Indeed, the American government grew on the back of emergencies such as the Great Depression and the world wars, the economist Robert Higgs found in his book “Crisis and Leviathan.” (Higgs has described himself as a “libertarian anarchist,” and his book has an elegiac nostalgia for “a time, long ago, when the average American could go about his daily business hardly aware of the government—especially the federal government.”) Analyzing the effect of the wars and the Great Depression, Higgs wrote: “Chief among the enduring legacies of emergency governmental programs has been ideological change, in particular a profound transformation of the typical American’s beliefs about the appropriate role of the federal government in economic affairs.”

The pandemic represents another crisis of the kind Higgs discussed in his book, so if his observation is any guide, the size of the state and its expenditure will not shrink in a hurry.  “It’s easy to for people to think: ‘Yeah, I survived the pandemic only because of this money,’” Fishback said. “It will open the door for more spending.”

The Biden administration expects that deficits will eventually dwindle—that these levels of expenditure will pave the way for long-term growth, leading to more tax revenues. The budget predicts that, after rebounds in growth this year and next, the economy will expand at 1.8-2% through 2030.

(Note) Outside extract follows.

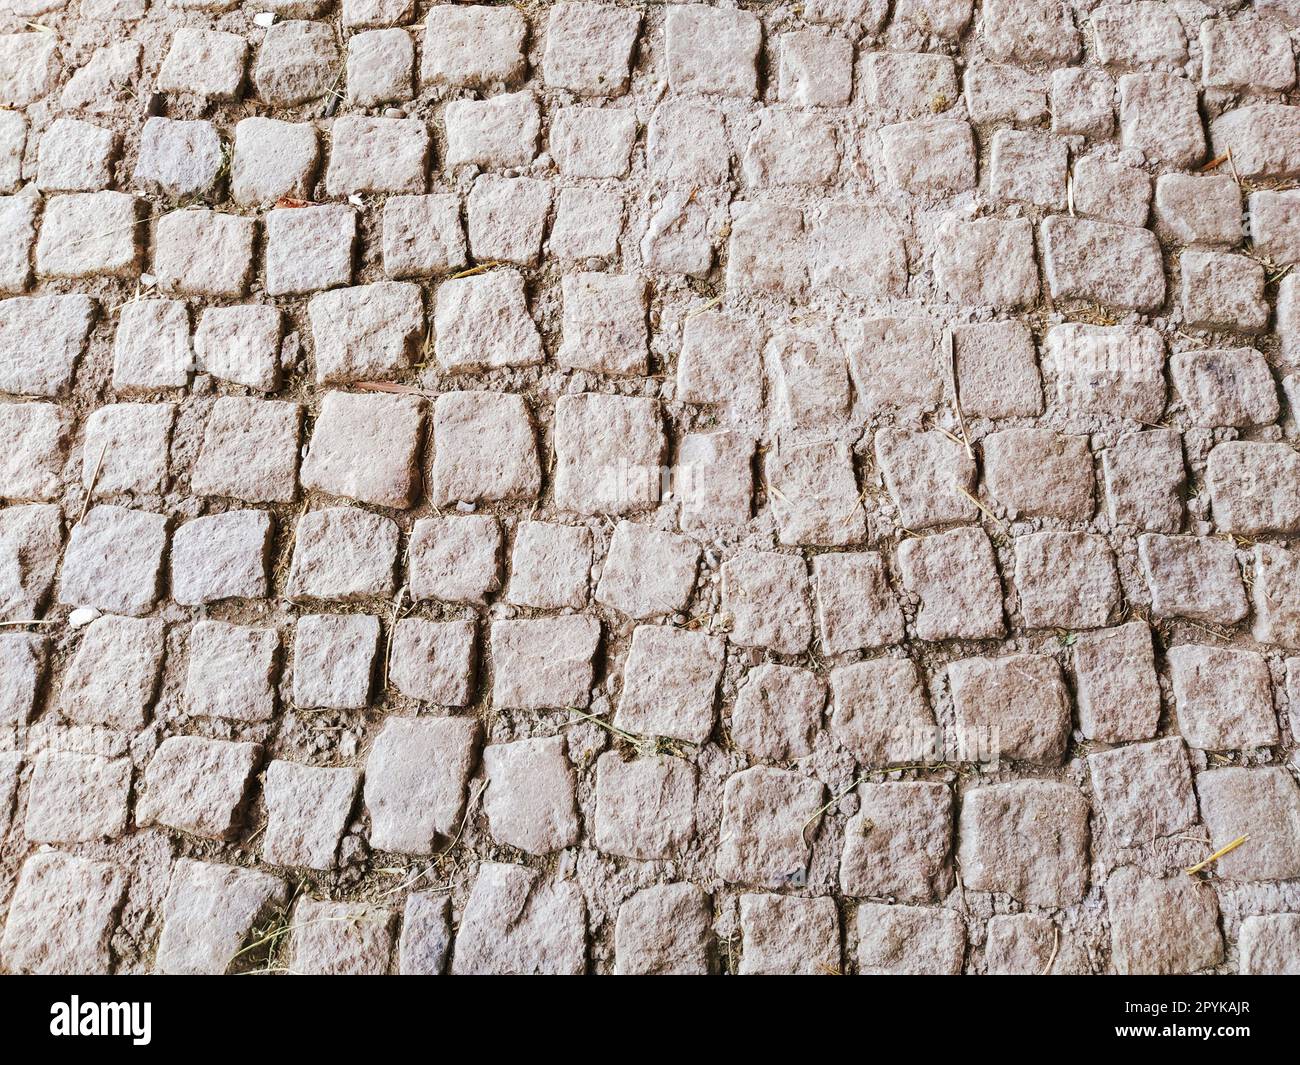 pavimentazione pavimentata con pietre naturali irregolari. Tra i ciottoli schiacciati ci sono piccoli ciottoli, terra, sabbia, erba. Piazza nella città vecchia europea. Foto Stock

Both the House and the Senate are controlled by Democrats, but Biden will still need all the support from Democrat legislators that he can get. He faces some sticking points. The budget proposes a 1.7% rise in military spending, but some Democrats, such as rep. Mark Pocan of Wisconsin and rep. Barbara Lee of  California, want the military’s budgets to be slashed. At least one Democrat, sen. Joe Manchin of West Virginia, thinks the suggested 28% corporate tax rate is too high.

This post has been updated with details from the Biden administration’s budget proposal.

Correction: The title of Robert Higg’s book is “Crisis and Leviathan” and not “Crisis in Leviathan,” as cited earlier.